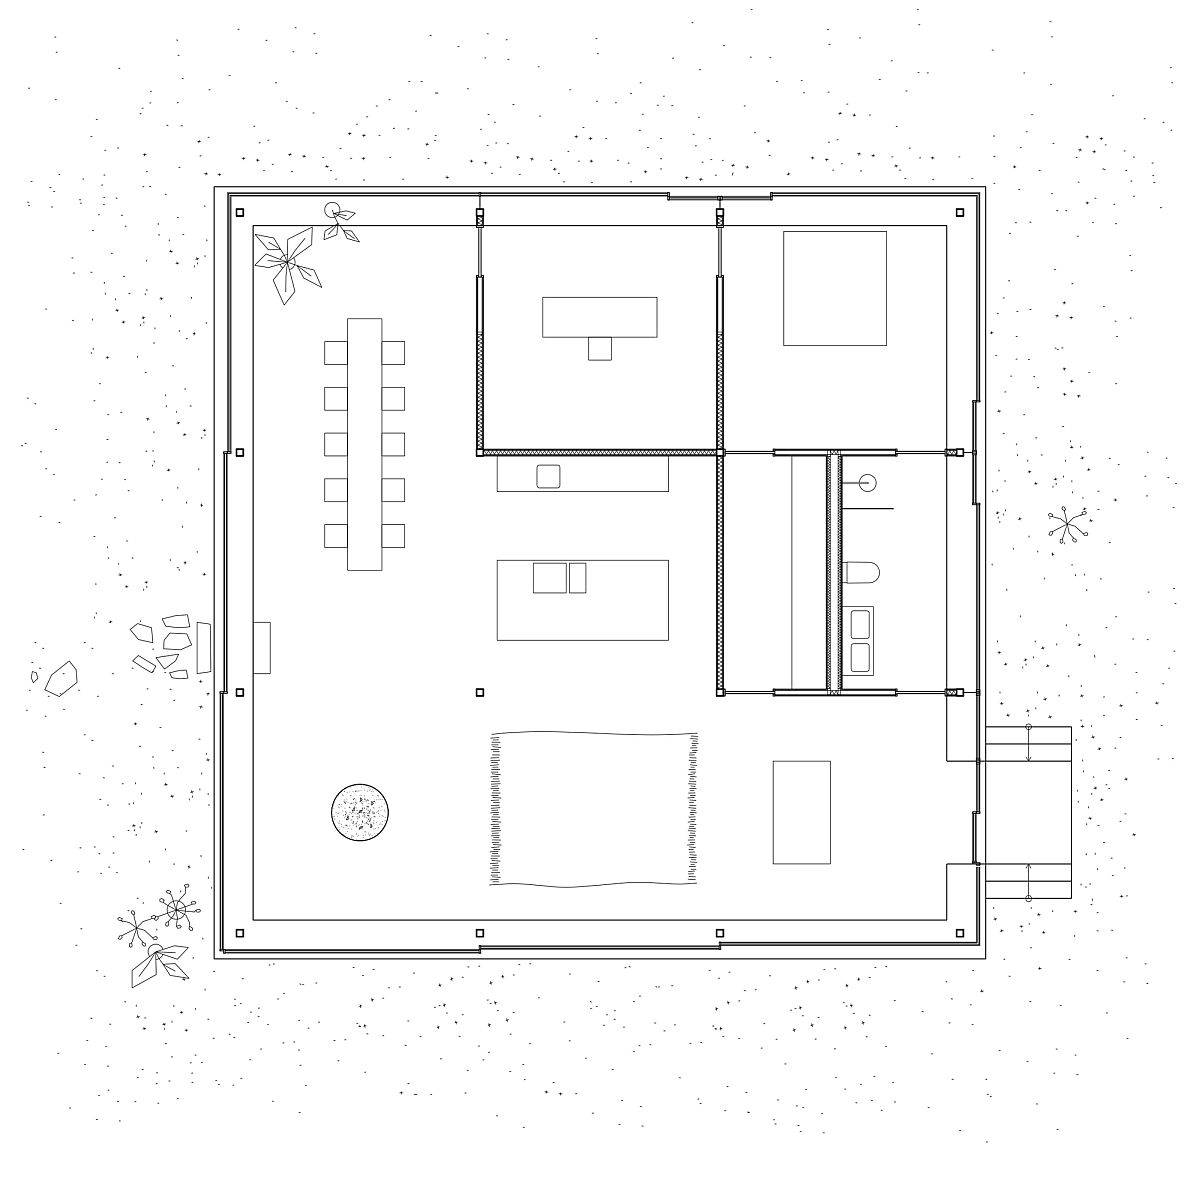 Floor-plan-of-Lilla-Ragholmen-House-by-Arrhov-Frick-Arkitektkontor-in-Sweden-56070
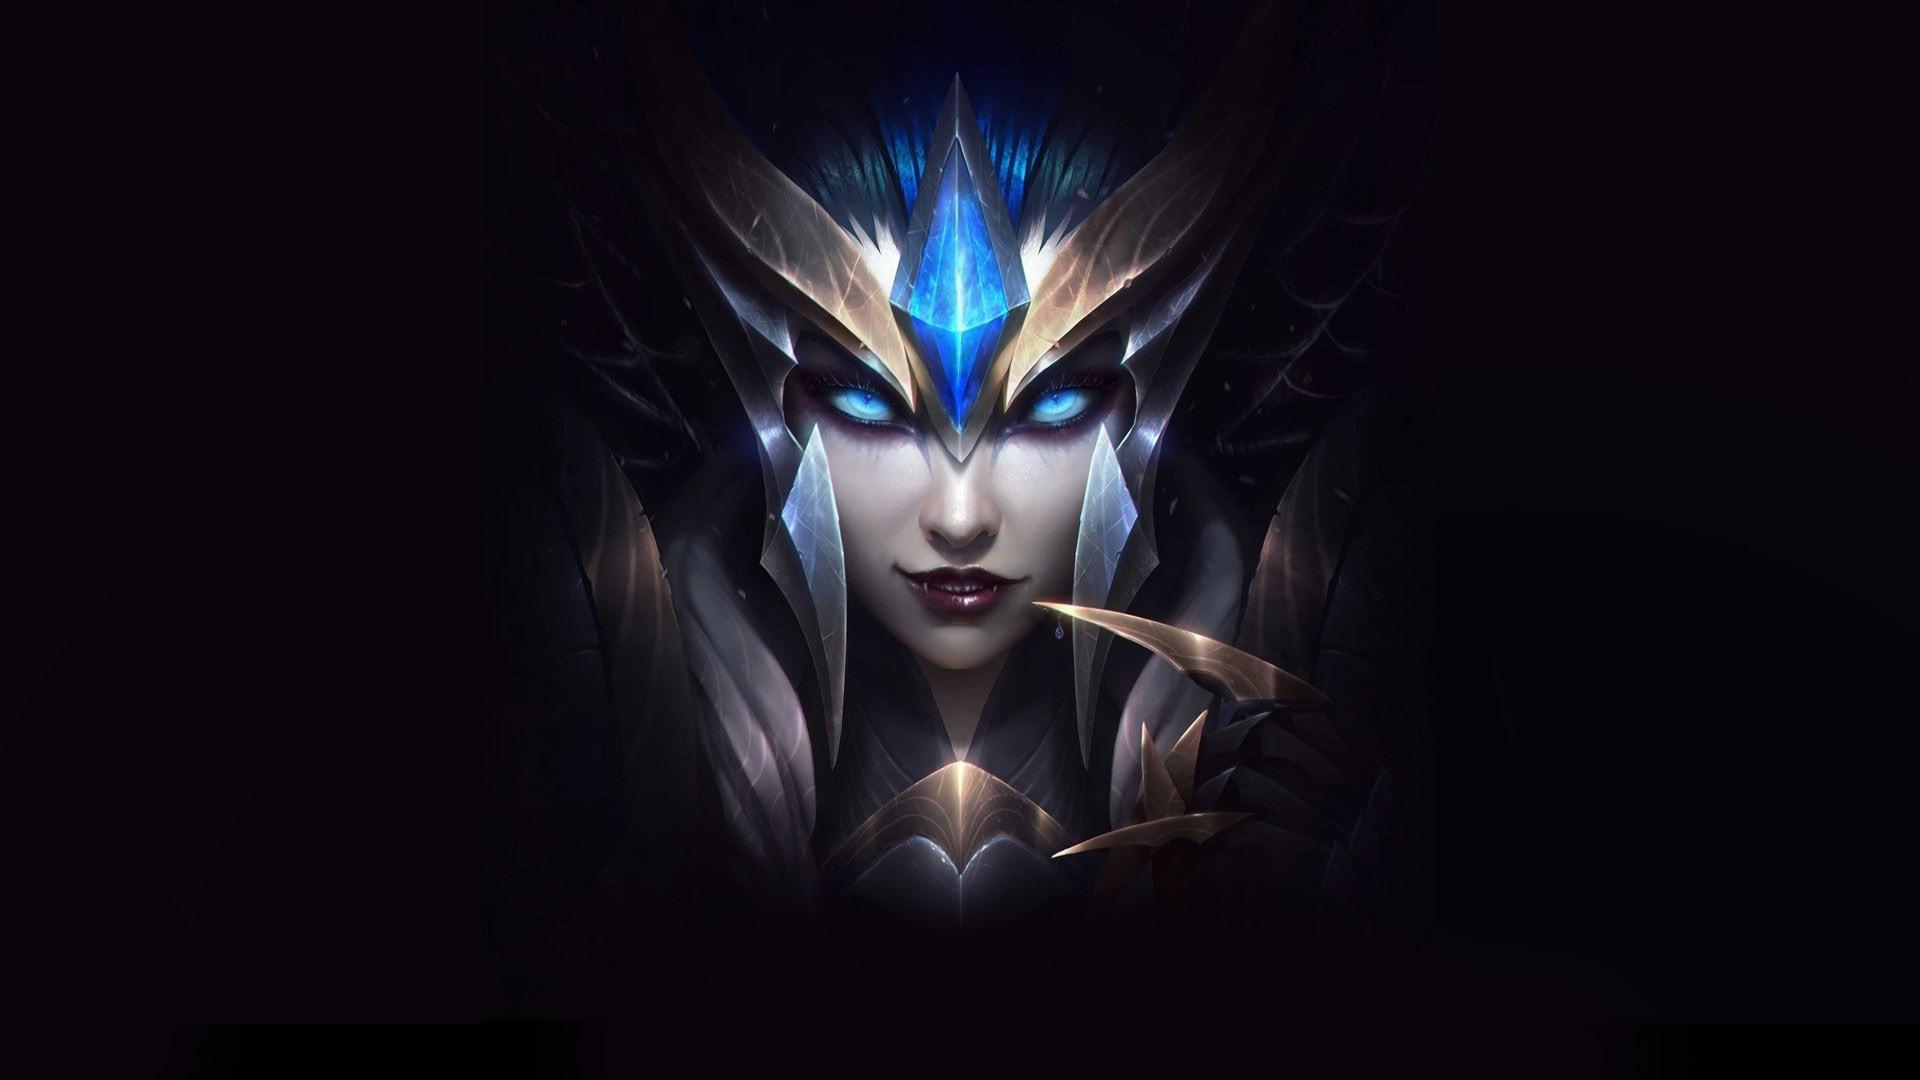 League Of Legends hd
* * *
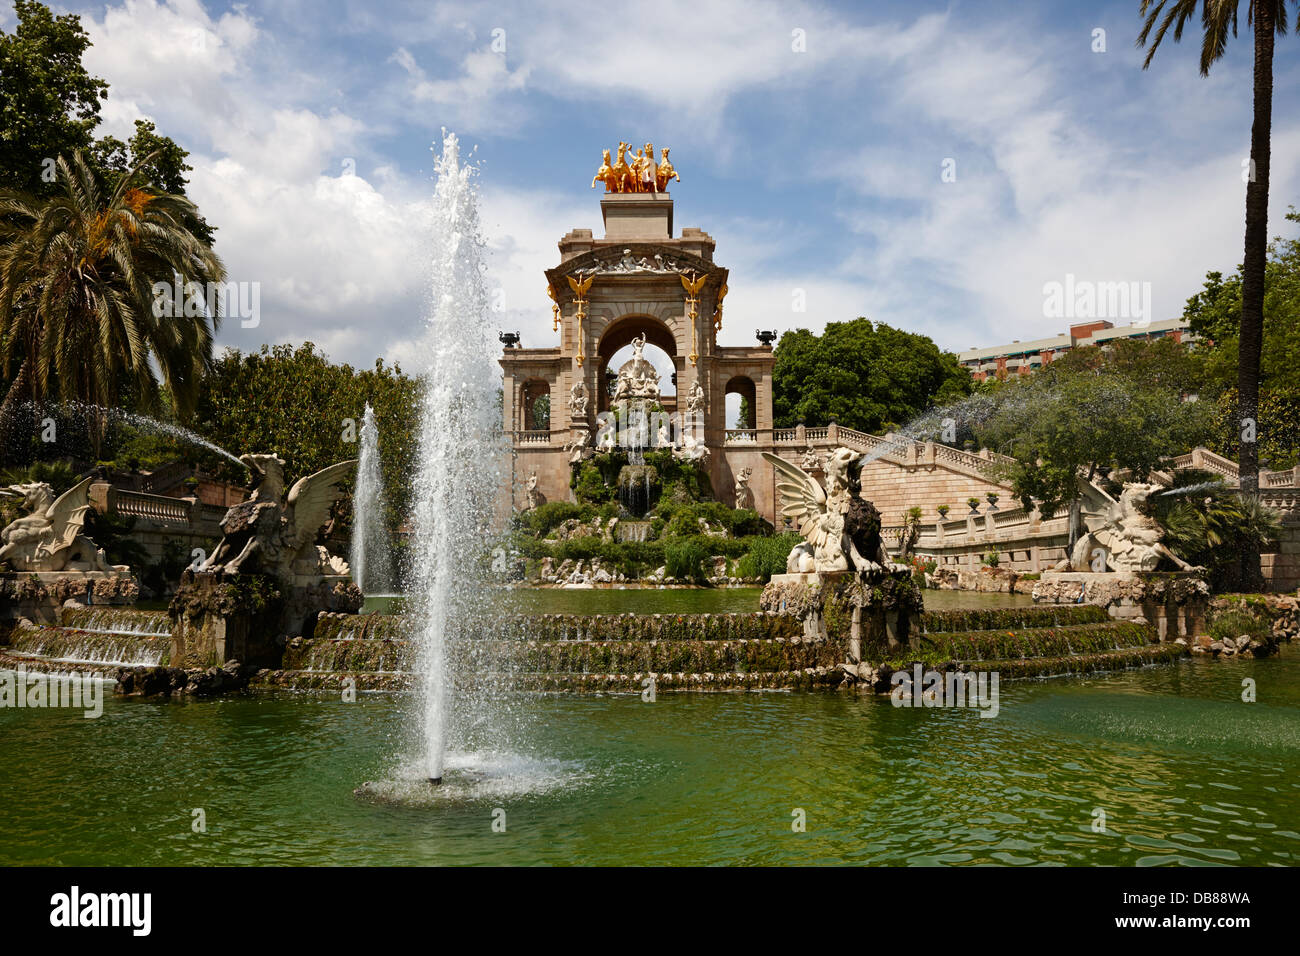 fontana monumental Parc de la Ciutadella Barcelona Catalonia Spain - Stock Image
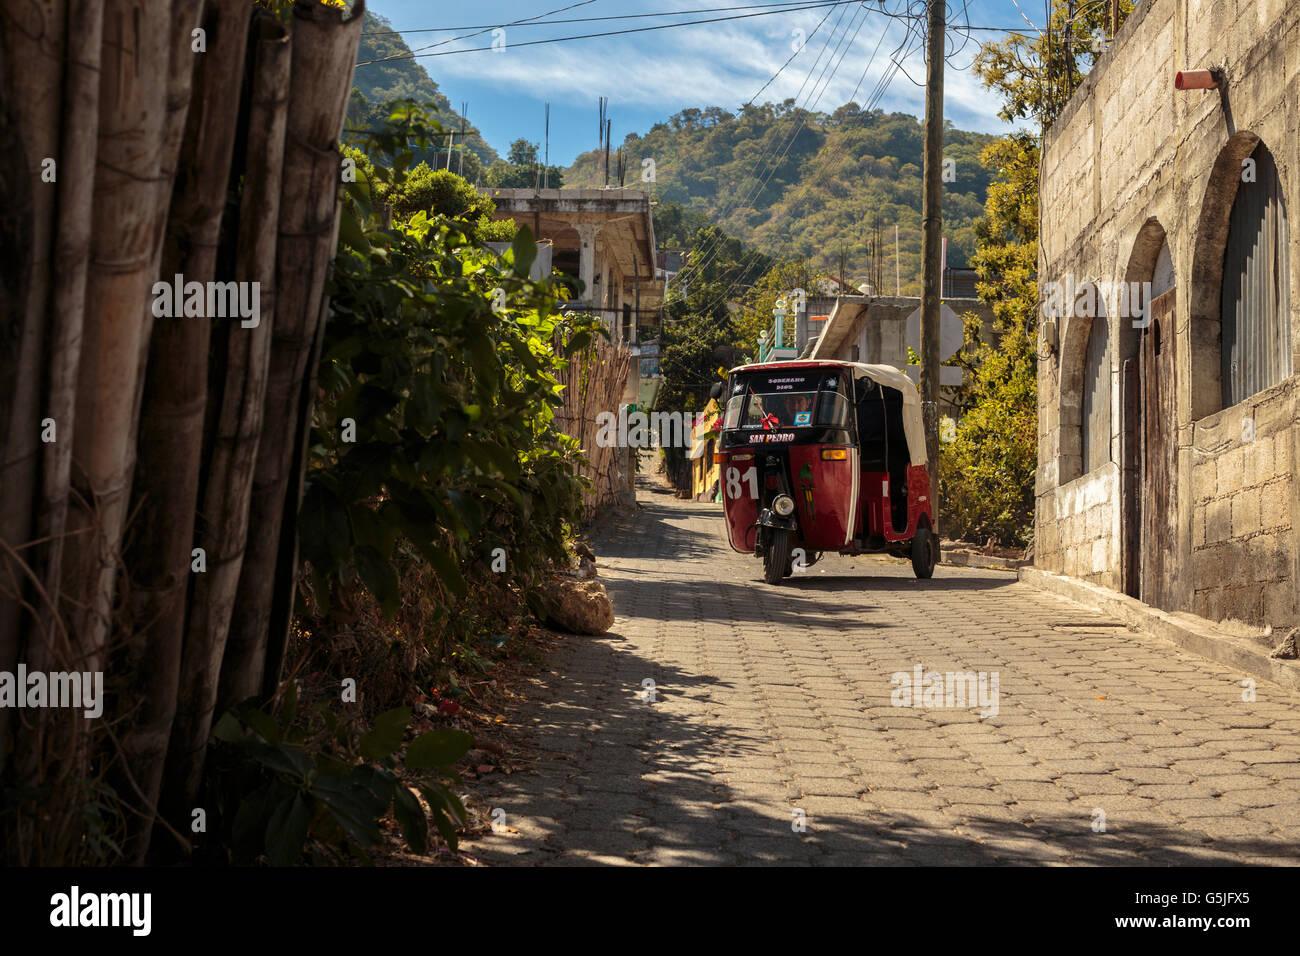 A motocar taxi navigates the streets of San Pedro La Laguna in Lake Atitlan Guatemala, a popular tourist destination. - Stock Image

§ Task statement: Going by the data above, give back only the lines from the one containing "fontana monumental Parc" through the one containing "A motocar taxi", exactly as they stand, both ends included and no images.

§ Reply:
 fontana monumental Parc de la Ciutadella Barcelona Catalonia Spain - Stock Image
 A motocar taxi navigates the streets of San Pedro La Laguna in Lake Atitlan Guatemala, a popular tourist destination. - Stock Image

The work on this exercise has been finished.